Don’t boil the ocean — try a pot of water first.
5 min read
Opinions expressed by Entrepreneur contributors are their own.
Some entrepreneurs are great at communicating a big vision for their startup, while others are good at finding a place to start. But, the best — and most successful — entrepreneurs are those who are able to strike an exquisite balance between that big vision — Version 5.0, if you will — and a high-traction starting point, or Version 1.0.
After all, while investors, customers and strategic partners want to know they're part of something impressive, big ideas won't get your business airborne. So, it's crucial for visionaries to also be "execution artists" who understand the do it/try it/fix it mentality of getting a minimum viable product out in front of customers, generating revenue traction and plotting a logical growth trajectory from there.
In this 1997 video interview with Jeff Bezos, the Amazon founder discussed how his startup was focusing on selling books on the internet, and how his ecommerce business model was ideal for a product category with millions of titles. A year later, the New York Times declared "Amazon.com Is Expanding Beyond Books." Fast-forward another 20 years, and it's not unusual to see analysts predicting that Bezos's behemoth will grab nearly 10 percent of all retail sales by 2020. It started with a relatively modest and focused plan, became best in the world at doing one thing, and only then expanded off that base.
Netflix took a similar approach: Launched in 1997 with a simple focus of renting VHS tapes and DVDs on the internet via U.S. mail delivery-and-return, it has since expanded its business model to include streaming and production of original content. In the process it has grown its subscriber base by over 40 percent per year, from 700,000 in 2002 to 117 million in 2017.
Alfred Peet launched the eponymous Peet's Coffee within a Berkeley, Calif. storefront in 1966. Initially, the store didn't even sell beverages — just small-batch roasted beans. Only after that store had developed a cult following (they called themselves "Peetniks") did the gourmet coffee company expand, eventually to about 200 stores, many franchises and roasted bean sales through major retailers and online (Peet's was acquired in 2012 by Joh. A. Benckiser for approximately $ 1 billion).
The "Peet's formula" — start small and focused, refine your success formula, then expand — has been repeated by a number of gourmet coffee startups over the years, most famously by Starbucks. A current up-and-comer is Sweetwaters Coffee & Tea. Twenty-five years ago, co-founders Lisa and Wei Bee started out with a single shop in Ann Arbor, Mich. as a newly married couple fresh out of the University of Michigan. They're now in the process of building out a national franchise presence, and along the way, have introduced bottled retail beverages for retail such as Chinese-inspired iced teas.
Related: 10 Ways Leaders Think Differently
How you can apply these lessons
Step back and look at these examples and the same pattern stands out: Start small and focused, be best-in-class at one thing, then expand off that foundation to achieve a broader dream. How can you apply this approach in your own startup? In my new book, The Launch Lens: 20 Questions Every Entrepreneur Should Ask, I delve into this in some detail.
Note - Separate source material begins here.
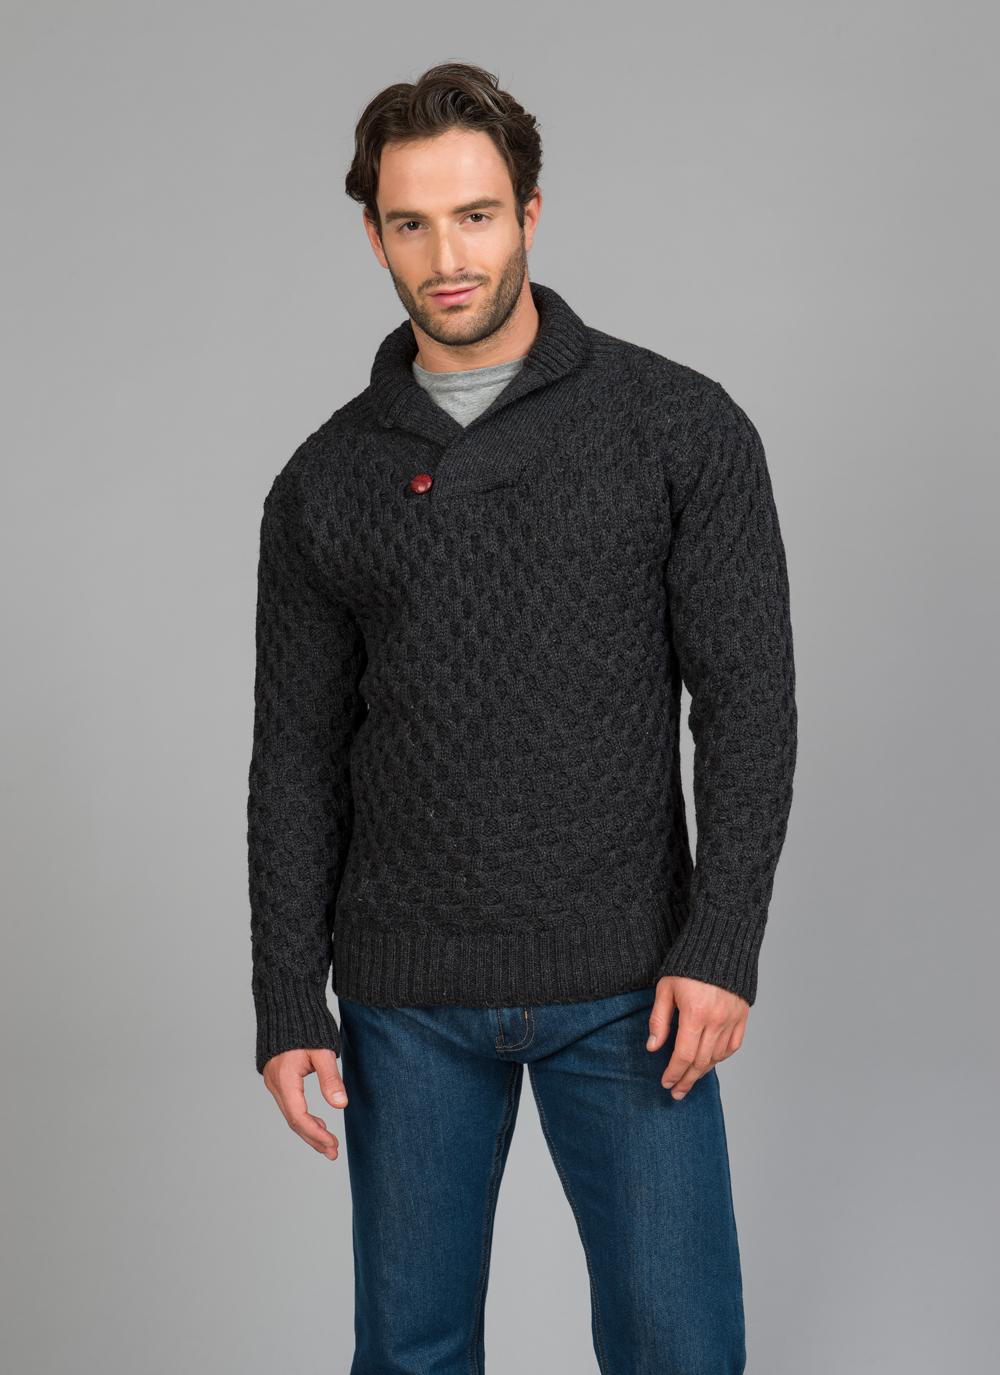 Aran Private Label Irish Mens Merino Wool Shawl Collar One Button Pullover Sweater Jumper Buttoned Neck

Here are some tips to consider:
- Develop a preliminary product roadmap for your startup.
- Start by first describing your "big vision" — your proverbial version 5.0.
- Then back off from your big vision to describe your preliminary launch configuration — your version 1.0, or what I sometimes refer to as your VNS ("version no, seriously"). This represents the bare minimum you'll need for a successful commercial launch.
- Finally, back off yet further to describe the minimum viable product, or MVP — that version of the product that you can cobble together as a prelaunch test case that will enable you to gather the most customer input while expending the least effort and resources.
You can describe your small-to-big product road map using a range of characteristics. For instance, if you're developing a B2B SaaS platform for customer relationship management (CRM), the growth path for the product might be described by features (e.g., starting out with the few most demanded by your customers); language (perhaps starting with just English and expanding to include Spanish, Hindi, Mandarin, etc.); vertical markets (say, focused on manufacturing and eventually expanding to services industries, etc.); platform (e.g., starting out with a browser-based platform and eventually expanding to include mobile apps); and even third-party integration (for instance, systematically adding integration with key enterprise resource planning systems).
To look at a B2C example, let's say you're launching a new line of all-natural canned vegetables. Your small-to-big road map might include both product and other business factors, such as: products (say we start with pickled carrots, and eventually expand to include a family of different vegetables and various flavors/spices); packaging (e.g., start with one jar size and add others over time); distribution channels (for instance, starting with farmers markets, adding online sales and expanding to regional and eventually national store chains); and perhaps distribution and sales partnerships.
So, as you can see, it's great — indeed, advisable — to have a big, long-term vision as you're getting started, but don't try to boil the ocean. Start by boiling a pot of water better than anyone else.